In conclusion, we find the evidence reflects the original parties to the 1911 Deed intended to create an easement appurtenant, and the elements for an easement appurtenant existed at the time of its creation. Accordingly, we find the master did not err in granting Tamsberg's motion for summary judgment, and we affirm the master's order.8
CONCLUSION
Based on the foregoing analysis, the master's order granting Tamsberg's motion for summary judgment is
AFFIRMED.
LOCKEMY, C.J., and KONDUROS, J., concur.
We decide this case without oral argument pursuant to Rule 215, SCACR.
Hinson's combined property was known as 47 Legare Street before the division. Both 45 and 47 Legare are bounded on the east by Legare Street and on the west by a wall bordering the Saint Peter's Church graveyard.
For clarity, we provide the complete chain of title for each property from the 1911 division to the current owners. We start with 45 Legare. Hinson retained 45 Legare until his death in 1917, and in 1919, his estate conveyed 45 Legare to his three nieces-Julia, Pauline Dill, and Frances Dill. In 1920, Julia and Frances conveyed their interest in 45 Legare to Pauline, who, in 1936, sold 45 Legare to Henry deSaussure. In 1955, Henry bequeathed 45 Legare to Margarette deSaussure Black. Black retained title to 45 Legare until her death in 1997, at which point her estate devised the property to her sons. In 2004, Black's sons conveyed 45 Legare to Appellants.
As for 47 Legare, Julia retained title to 47 Legare until her death in 1970, when the South Carolina National Bank of Charleston (the Bank) assumed title as executor of Julia's estate. In 1971, the Bank sold 47 Legare to Nancy Linton, who then sold 47 Legare to Tamsberg and her now deceased husband in 1988.

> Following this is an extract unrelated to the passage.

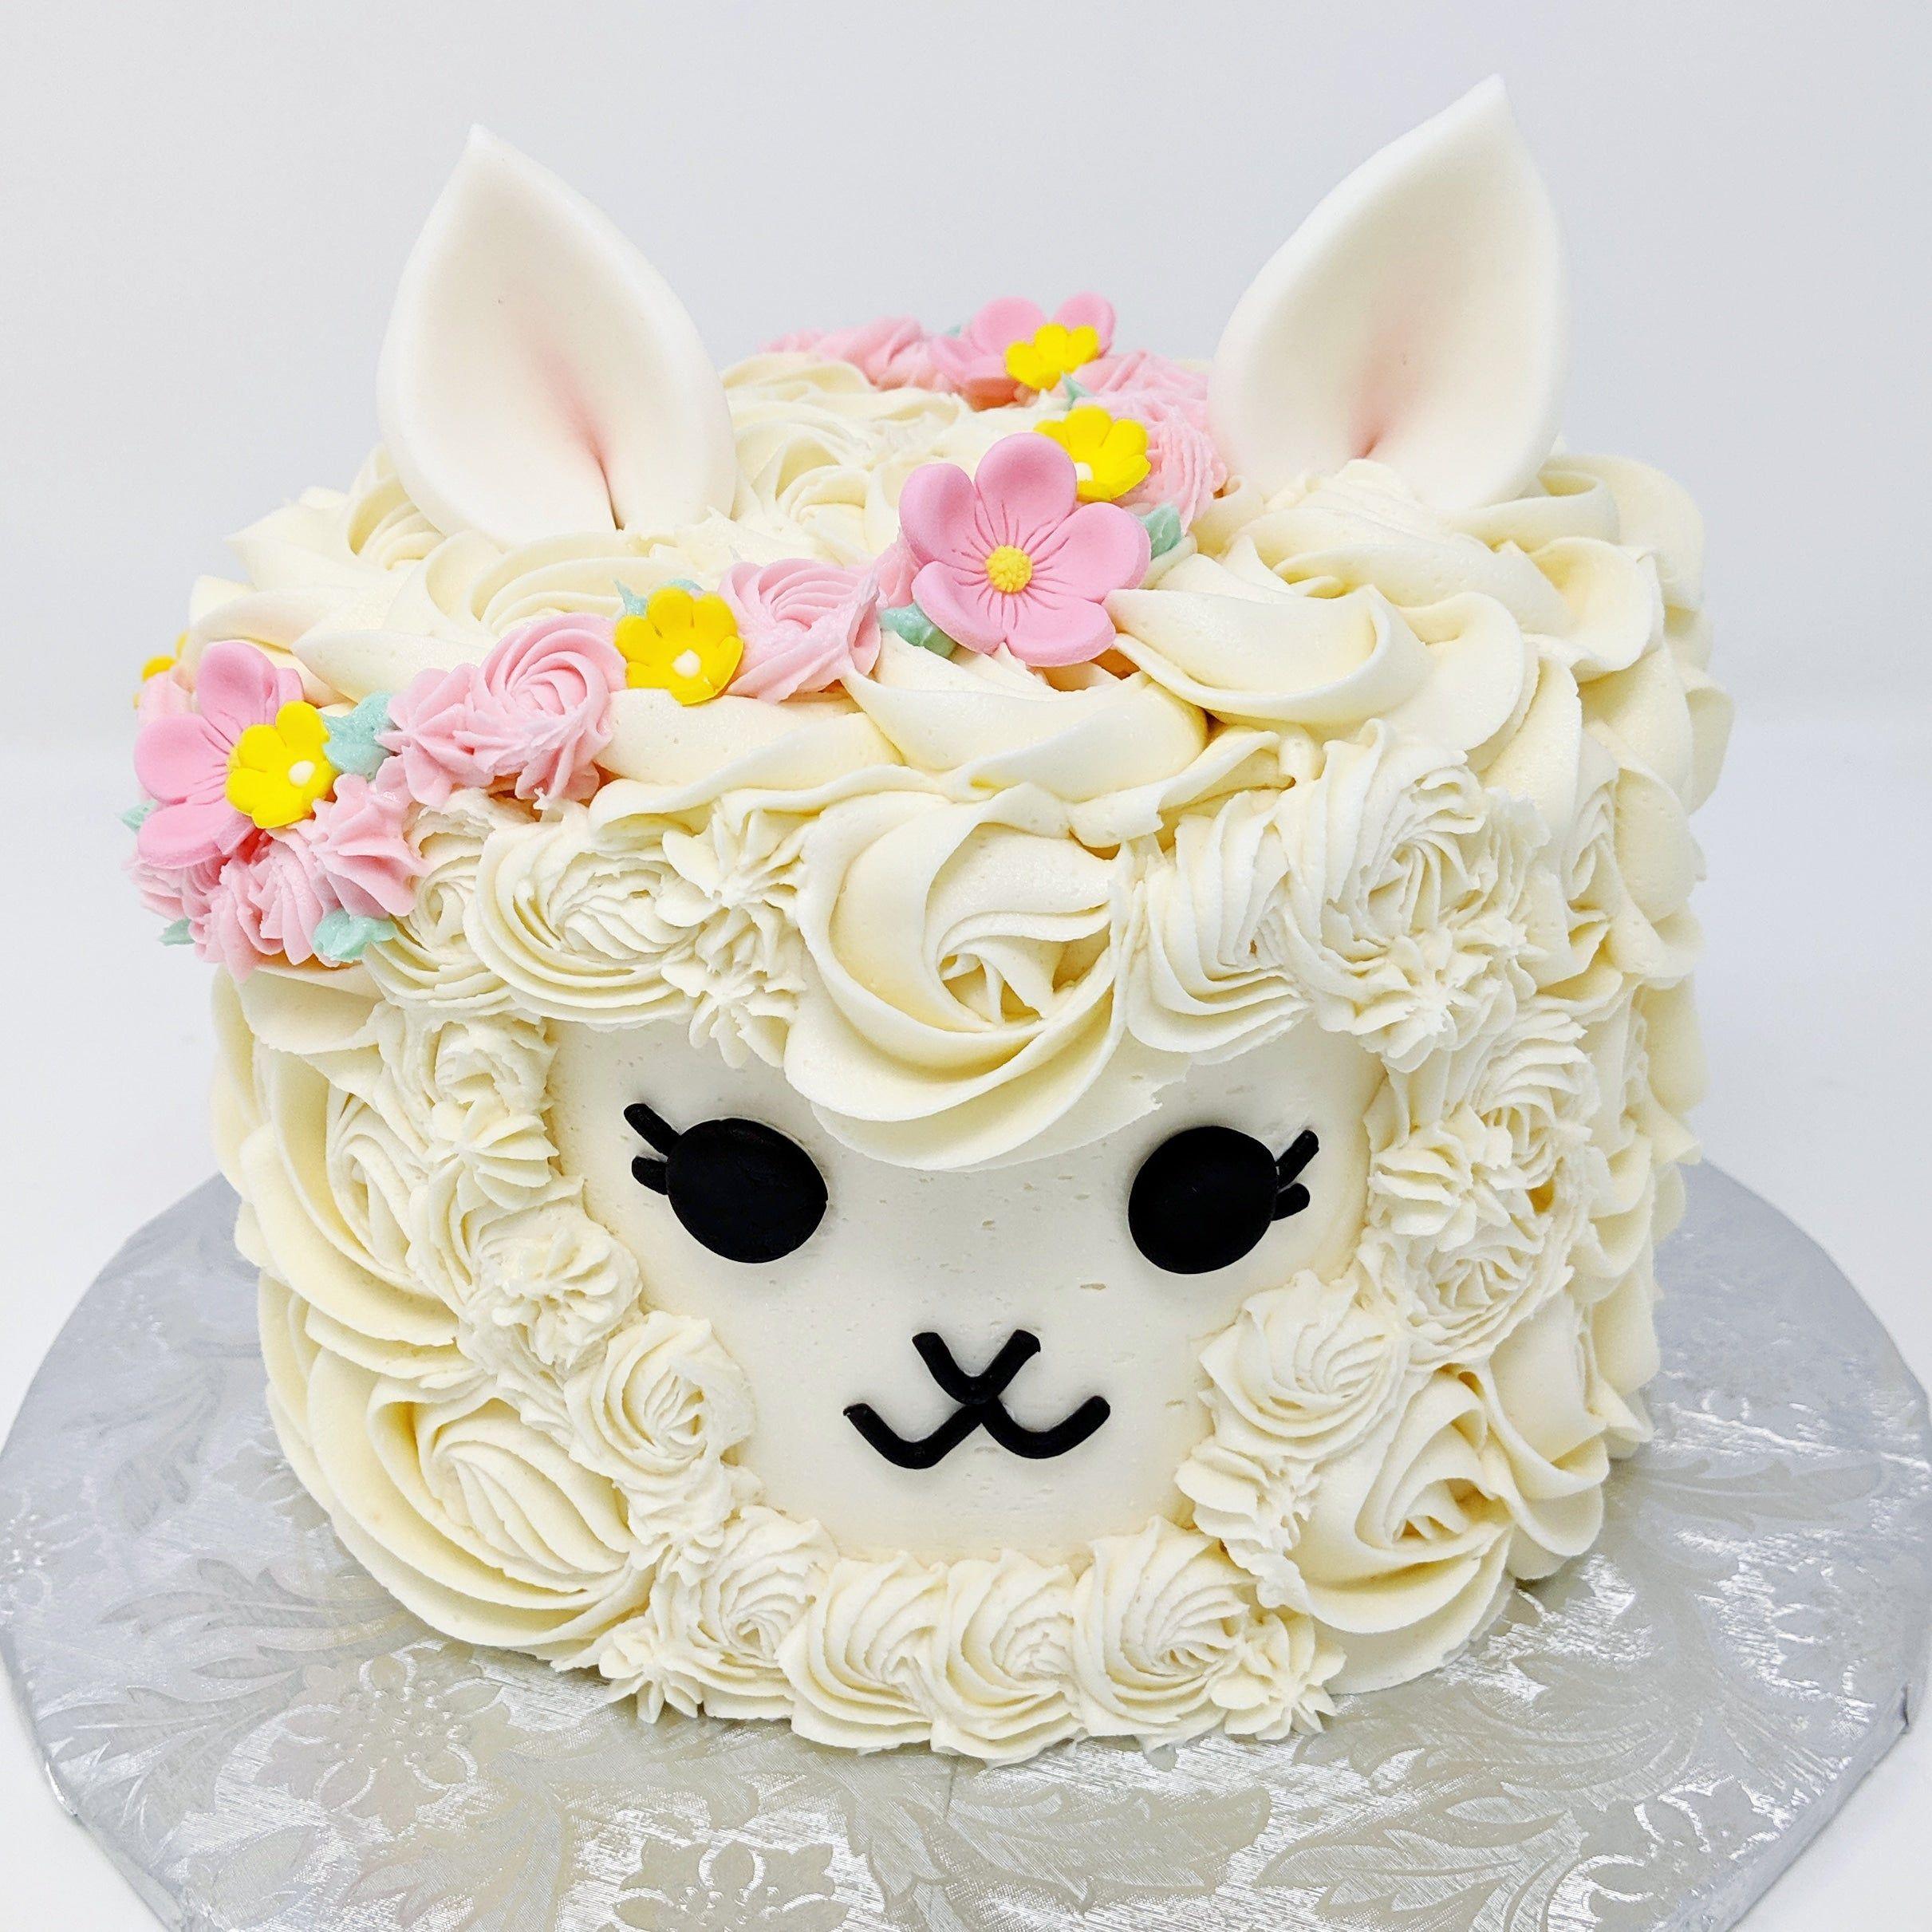 I made a cute Llama cake! And to think, tomorrow a one

The record is unclear whether "parties" refers to the original parties to the 1911 Deed or Black and the Bank.
The gate still existed at the time of the hearing. The site of the former garage was a residential space as of 2004.
At his deposition, Appellant Williams testified Tamsberg asked for, and was given, Appellants' permission for her landscapers to walk down the easement.

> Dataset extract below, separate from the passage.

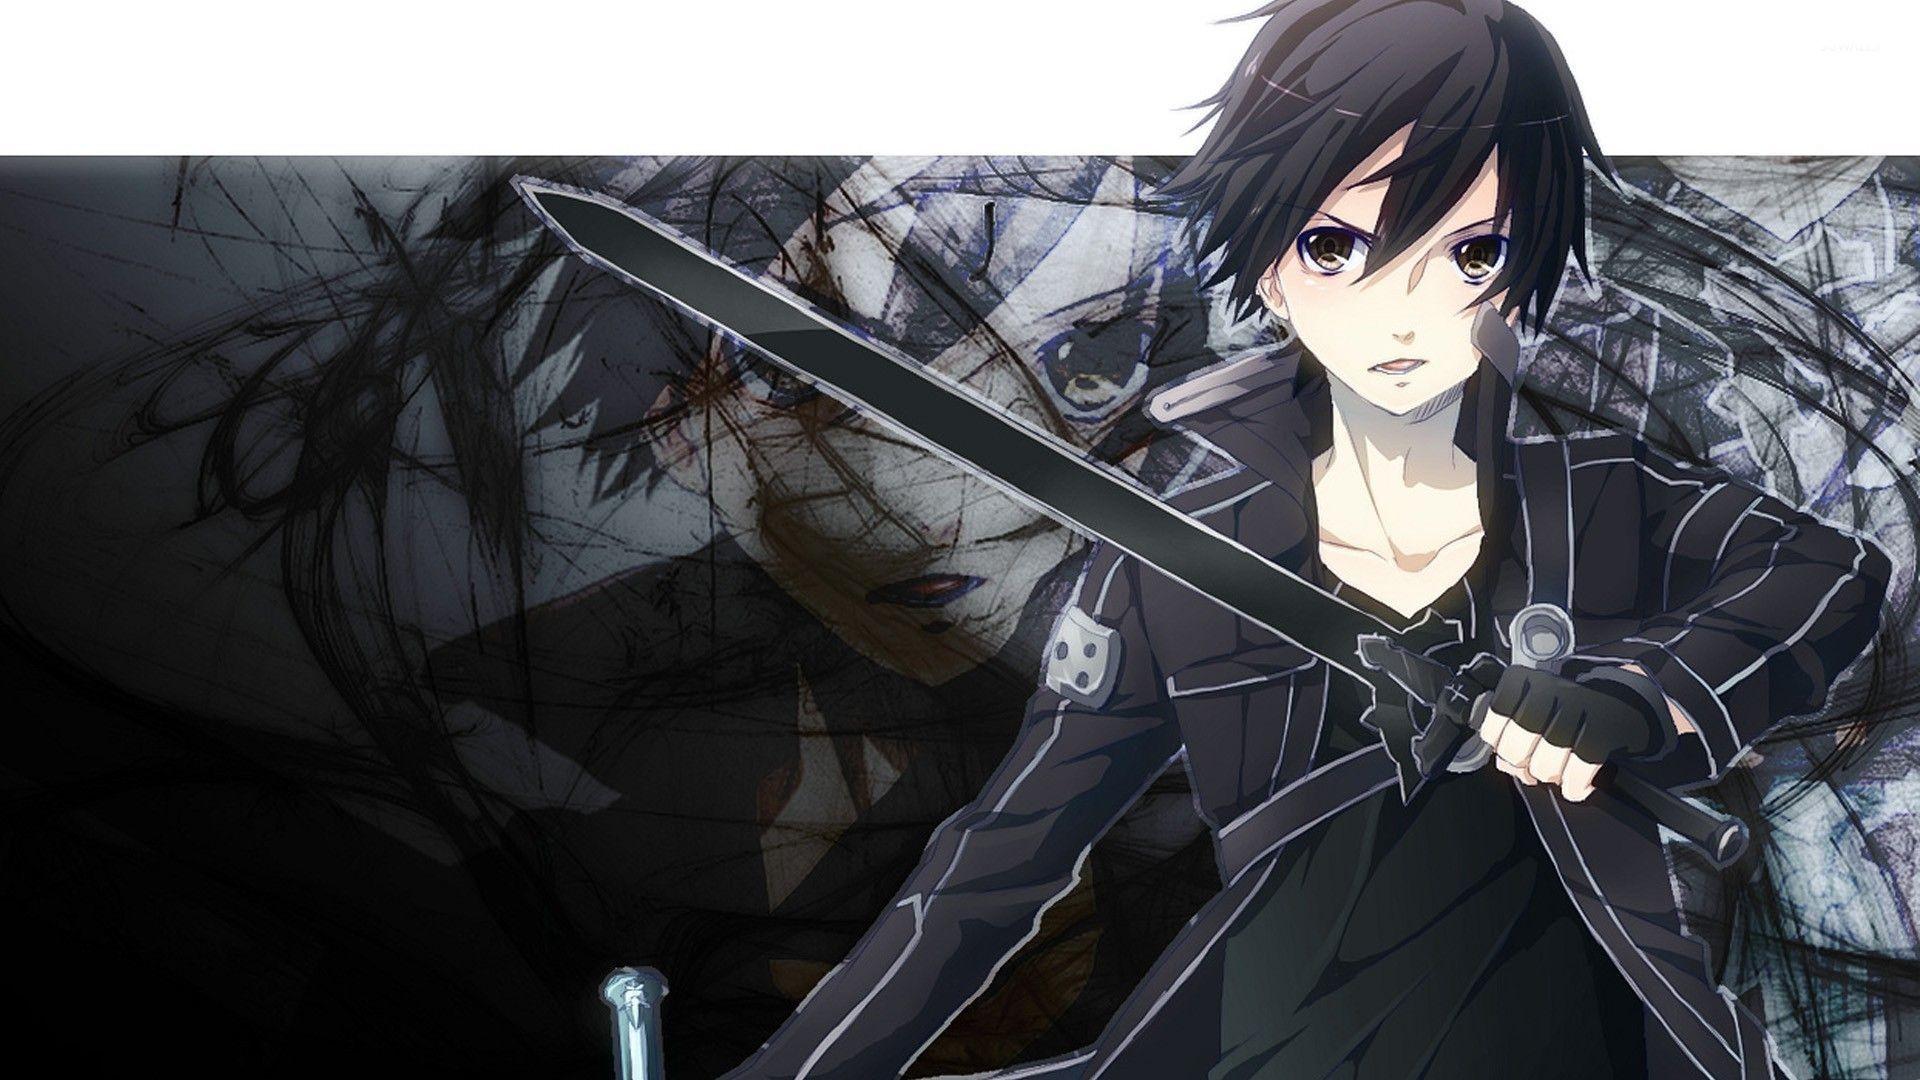 Kirito – Sword Art Online [4] wallpaper jpg

The record is not clear as to whether the fence is the same as the wall Tamsberg erected in 2004 or if it is a different fence altogether.
Appellants assert that Tamsberg's restrictive covenant argument is an alternative argument if the easement in the 1911 Deed was an easement in gross. Additionally, Appellants' underlying cause of action relies on the non-existence of an appurtenant easement, which is an action at law. Therefore, because our finding of a valid appurtenant easement is dispositive, we need not address Appellant's remaining issues on appeal. See Futch v. McAllister Towing of Georgetown, Inc. , 335 S.C. 598, 613, 518 S.E.2d 591, 598 (1999) (ruling an appellate court need not address remaining issues when its resolution of a prior issue is dispositive).